So today, I’d like to dive into…finishing skill!

Here we go again

I know, I know. If you’ve spent any amount of time reading about soccer analytics, you’ve heard it all before.

But if you haven’t, Mike Goodman gives an excellent overview of the perennial Finishing Skill Debate in his 2014 article, “Thinking About Finishing Skill”:

In general the debate boils down to three specific questions: What is finishing skill? Does it exist at all? Even if it does exist, does it matter?

My post today will focus mainly on that last question — “does it matter?” — but first, allow me to address the other two.

First, what is finishing skill? For technical analysis, probably the most reasonable way to define it is as a player’s ability to score a chance, after controlling for every other variable that is not a part of finishing. Still, this leaves the task of defining exactly which of a shooter’s actions are and are not a part of “finishing”.

For the purposes of this article, I’ll define finishing skill as a player’s ability to score more goals than predicted by xG. Implicitly, this means I’m defining “finishing” to include all shooting actions that aren’t controlled for in the particular xG model being used. Given the controls in the specific xG model I draw on1, this definition of finishing will include skills like shot placement and velocity, while excluding skills like the ability to dribble into better shooting positions. While not perfect, defining finishing skill in this way — i.e. in relation to xG — is a reasonable proxy, and gives us a mathematically clean concept.

Second, does finishing skill exist? To me this is a less serious question: as long as we define “finishing” to include at least some very basic shooting qualities like placement or power, then obviously some players will be better at it than others, i.e. it’s a skill.

Finally, the question I’ll focus on for the remainder of this post: does finishing skill matter?

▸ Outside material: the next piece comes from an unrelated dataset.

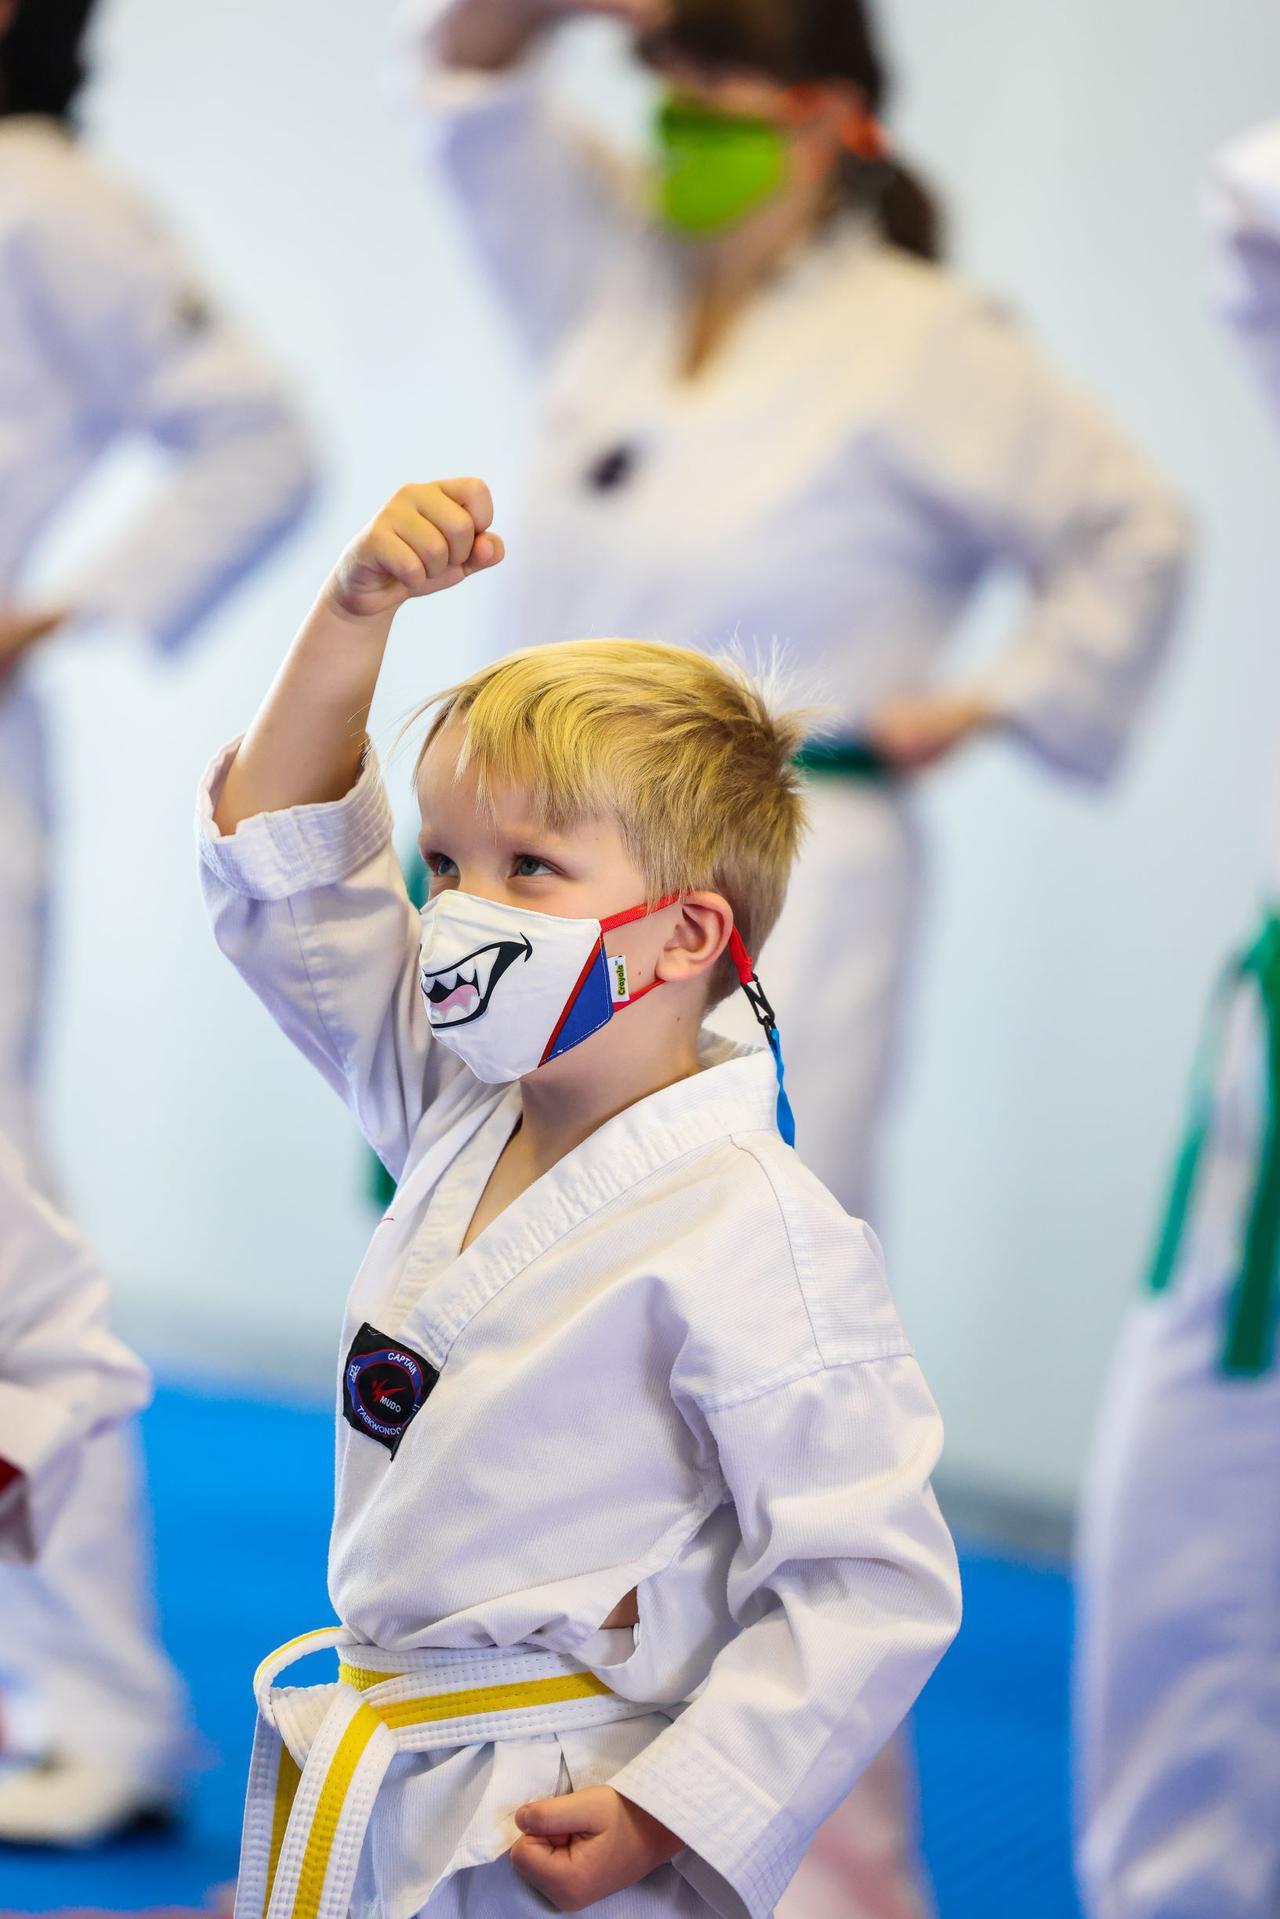 Redpx_Parent_Child_Taekwondo.jpg

To my mind, when we ask this question, we’re really asking: “Does finishing skill vary a lot between players?” If yes, then different players would convert xG to goals at very different rates, meaning finishing would play an important role in determining how good a player is at scoring goals, relative to other players.

So, the main question I’ll seek to answer in this post is: after controlling for statistical noise, how much does finishing skill vary across professional players?

In addition to quantifying variance, the model I develop will be able to do fun things like:

So, let’s get on with it!

Methodology

This section will involve some fairly technical discussion of statistics. If you’re fine accepting my methodology, feel free to skip ahead to the Results section.

How to quantify variance?

Without going too deep in the weeds, know that estimating variance in a “hidden” attribute like finishing skill is a deceptively hard problem.

The most obvious approaches — for example calculating the standard deviation in G/xG across players — will overstate the variance because they treat all variation as meaningful, when in reality much (maybe even most) of the observed variation is just noise resulting from low sample sizes.

Meanwhile, more subtle approaches that correct for noise — for example, regularized fixed effects regression — are likely to understate the variance, since they conservatively “squish” player estimates toward the average (a phenomenon known as shrinkage) when sample sizes are low; and sample sizes are always low when we’re talking about the shots taken by a single player.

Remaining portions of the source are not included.